Tulip plumb, Sweet plumb

Family:

Anacardiaceae (Cashew/Mango family)

Burdekin Plum

Basic info:

Native to Australia, Malaysia and the Pacific Islands, this close relative of the Mango is a tropical rainforest tree.


Though it is a rainforest species, it is incredibly hardy and drought tolerant. In the wild, it may also occur naturally on sand dunes behind mangroves and in dry sub-coastal regions along the northeast coast.


It is an attractive tree with glossy green foliage and a dark grey trunk. It has a dense canopy growing to about twenty metres in height but often smaller, making for a lovely shade tree.
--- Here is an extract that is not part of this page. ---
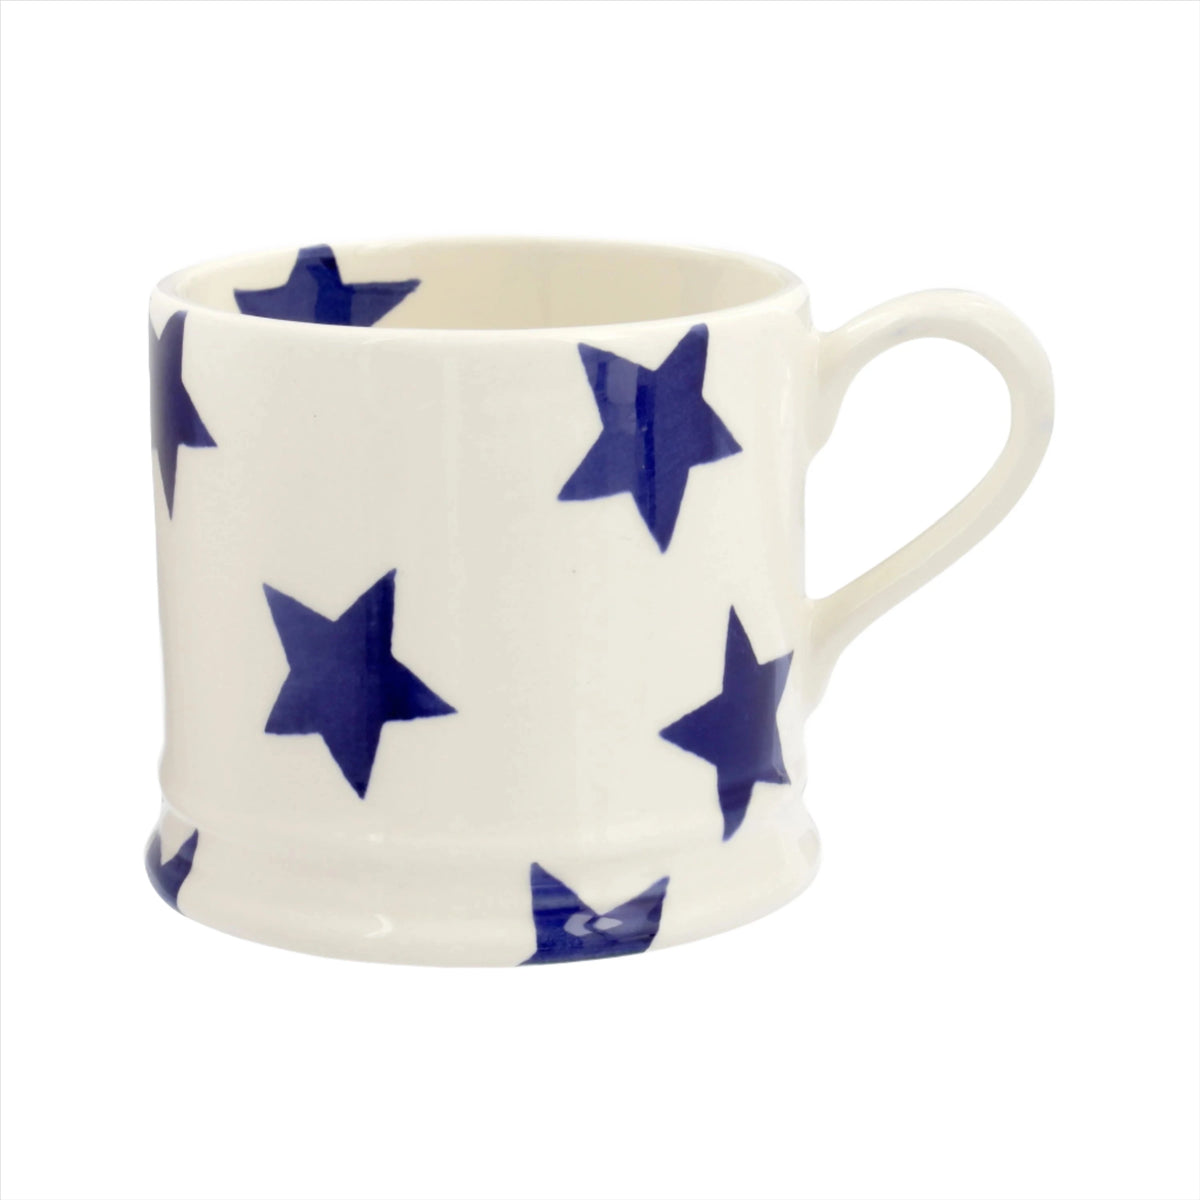 Blue Star Small Mug

Flowering usually occurs between January and March, producing small, yellowish-green blooms that develop into fruit over the winter months.


Like most Anacardiaceae, they are dioecious (two-sexed), so require separate male and female plants in order to produce fruit.


Fossils found in central Queensland show that these trees have been growing in Australia for millions of years.

Uses and Interesting Information:

Fruits are large, black, round (some call them “pumpkin-shaped”) and contain a large stone, similar to plums commonly found in the supermarket – however they are not related to common plumbs at all, being rather part of the mango family. The fruit is edible and pleasant when fully ripe, although often “tart” and suitable for preserves.


Harvest the fruits when they start to show signs of ripening, but don’t eat them straight away! They are hard and acidic straight off the tree and need to be stored for a few days. Aboriginal horticulturists were known to bury the fruit underground to assist with the ripening process. Early settlers apparently buried the fruit in brown paper bags for a week to enhance ripening.


Joseph Banks, on his voyage to Australia with Captain James Cook, collected some of the fruits when they stopped in the Endeavour River, and he made the note:


"These when gathered off from the tree were very hard and disagreeable but after being kept for a few days became soft and tasted much like indifferent Damsons" (Low, Tim (1991). Wild Food Plants of Australia. Sydney: Collins Angus & Robertson. p. 89.)

They may be eaten raw, cooked into jams, used to flavour meat, or fermented into wine.


The fruit has been identified as being exceptionally high in antioxidants (nearly 5 times the antioxidant content of blueberries), with a strong anti-inflammatory and anti-bacterial effect, as well as specifically good as a medicine for ovarian cancer. (Johnson et al (2022), “Identification of phenolics responsible for the high antioxidant activity in Burdekin plum (Pleiogynium timoriense) fruit”, Food Chemistry Advances, 1)


In Indigenous times, the bark and roots of the tree were used as a ‘fish poison’ for the purpose of stunning fish, in order that they float to the surface of the water for easy capture.

Burdekin Plum produces a close-grained, fine-textured timber which is highly prized but not commonly available. It has been used for cabinet making, walking sticks, smokers pipes and batons of music conductors.